Sunday, October 31, 2010

Chaddsford's Eric Miller Talks Turkey With Bucks County News Papers

Talking Turkey with Chaddsford Winery
Published: Saturday, October 30, 2010
Chaddsford, PA – On Saturdays, Nov. 6, 13 and 20, Pennsylvania’s Chaddsford Winery, 632 Baltimore Pike; will host special Turkey Tastings, one-hour wine and food pairing classes that focus on pairing different varietals with the traditional dishes of a Thanksgiving feast. For $20 per person, the Chaddsford wine educators will give guests an overview of the whites, reds and sweet dessert wines that best complement the holiday dishes. Two tastings will be held each Saturday at 2 p.m. and 4 p.m., and reservations are required; call 610-388-6221.

For those who cannot attend the Turkey Tastings, Chaddsford winemaker and proprietor Eric Miller has compiled a few helpful “Turkey Tips” for pairing the right wines with the holiday meal.

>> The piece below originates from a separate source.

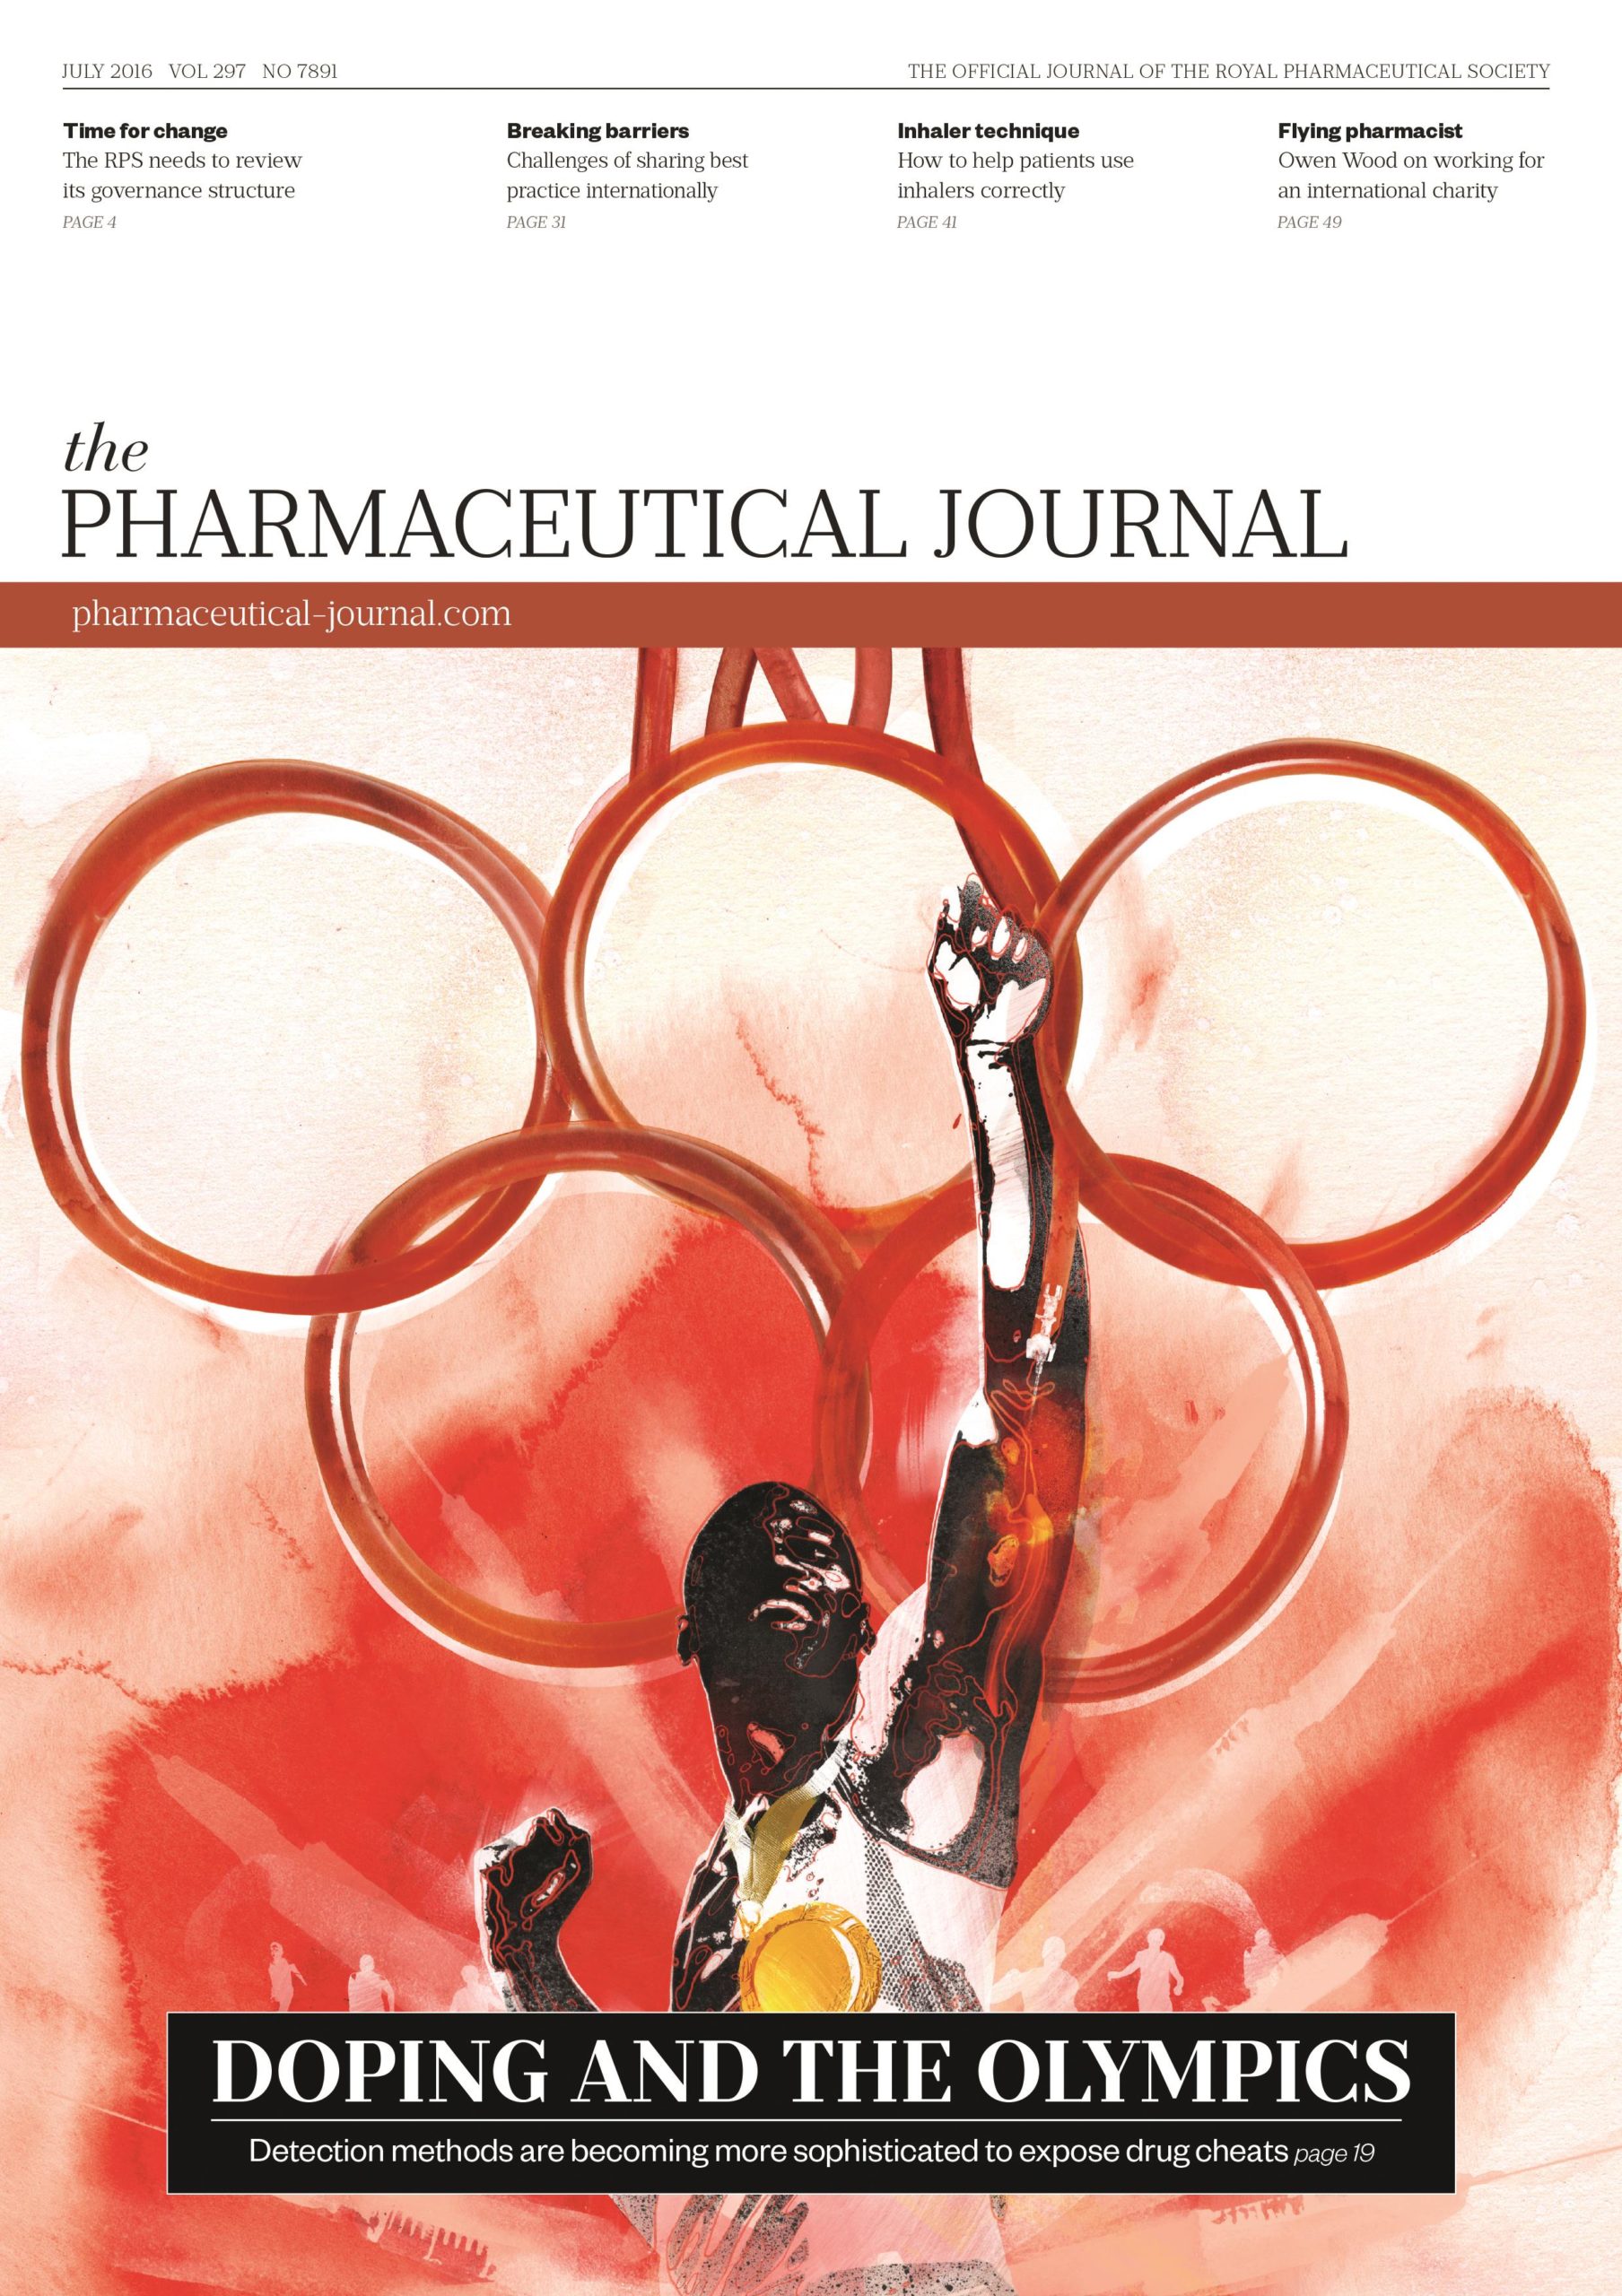 Publication issue cover for PJ, July 2016, Vol 297, No 7891

Miller suggests delicate, crisp, high acid or slightly sweet white wines as classic pairings for Thanksgiving, such as Chaddsford’s: Proprietor’s Reserve White, with enough acidity to cut through turkey’s mellow flavor and stand up to fattier side dishes; Sunset Blush, for its balance of flexible, fresh fruit; or 2009 Riesling, with zingy acidity and slight sweetness. He also recommends guests experiment with his new Craft Cuvee Barrel Select Chardonnay or the Miller Estate Chardonnay from his Portfolio Collection for meals with big, rich flavors such as sausage, nuts, buttery brown sauces, creamy soups or caramel-y squash dishes.

For those who prefer red wine, Miller suggests light reds like Chaddsford’s: 2008 Pinot Noir, with delicate fruity flavors; 2009 Dry Rose of Syrah, with graceful berry flavor and mouth-watering acidity; or his 2007 Essence, a distinguished “Terroir Blend” combining all the red grapes from the winery’s Miller Estate Vineyard in northern Chester County. For a meal with spicy elements or other big, full flavors, Chaddford’s Due Rossi Italian blend of Sangiovese and Barbera is a great choice, though Miller warns guests that bigger, fuller-bodied wines such as Merlots or Cabernets can tend to overwhelm delicate dishes.

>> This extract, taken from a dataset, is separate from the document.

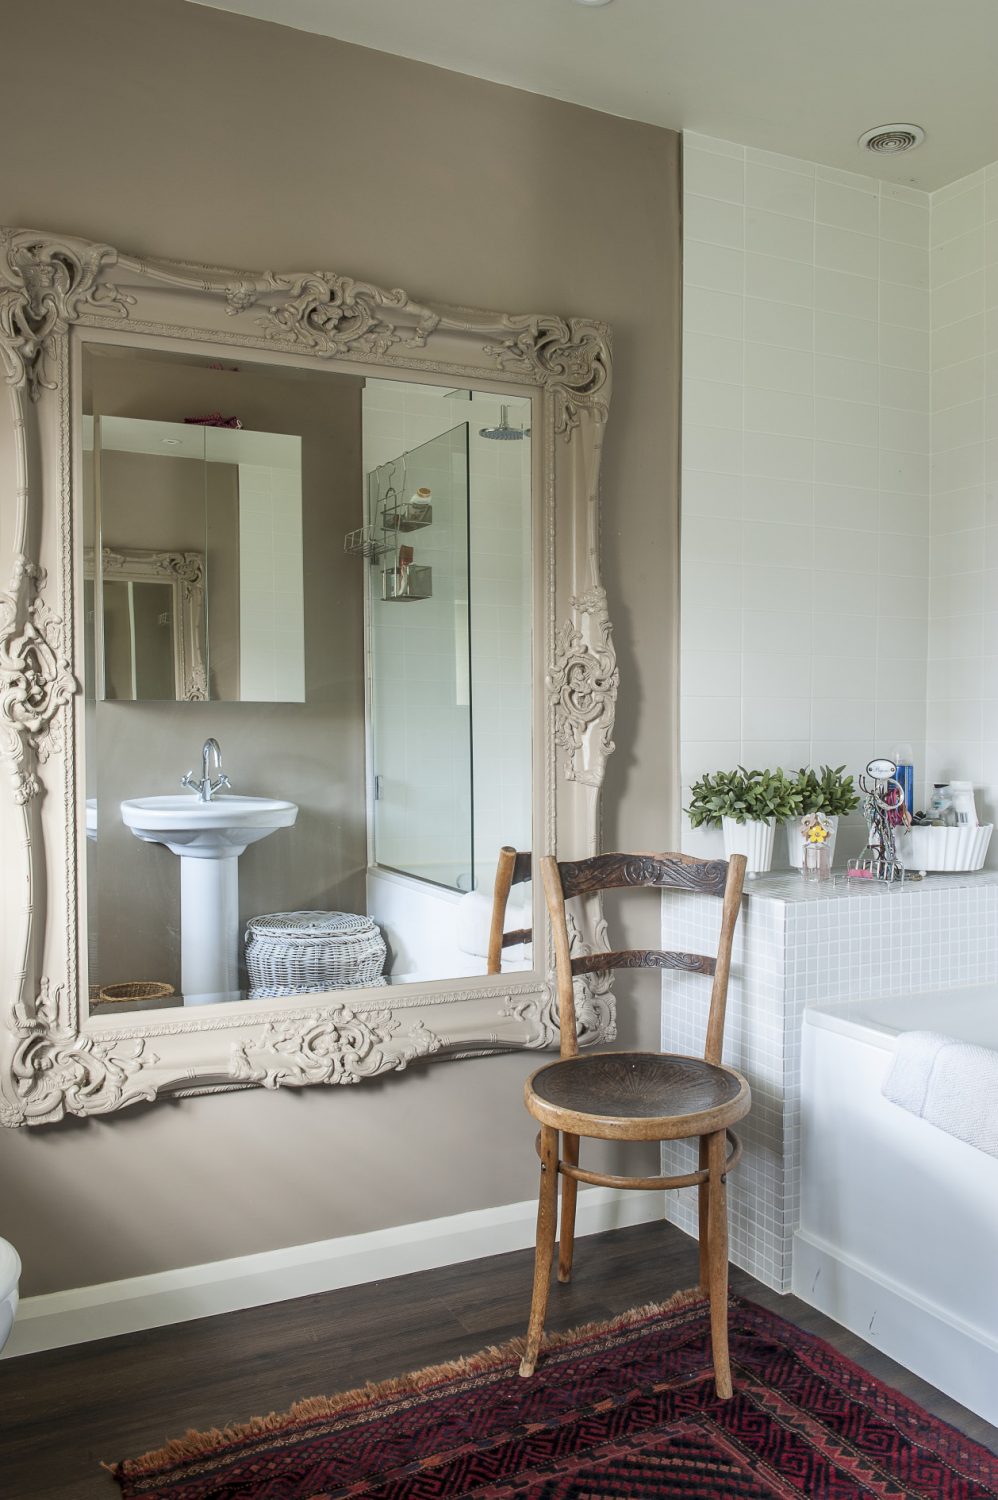 In the en suite, the frame of a large ornate mirror from Blooms has been very effectively painted the same F&B as the walls

If sweet wines are called for, Miller recommends Chaddsford’s: Niagara, a delicious sweet and fruity white; Spiced Apple, especially for those who serve ham in lieu of turkey; and Dessert Riesling, which is also an ideal after-dinner wine.

“Don’t forget: if you have enough people attending your dinner, you can please everyone by serving more than one kind of wine,” says Miller. “The key is to let your taste guide you and have fun choosing an ideal complement to your meal, then enjoy it with your friends and family.”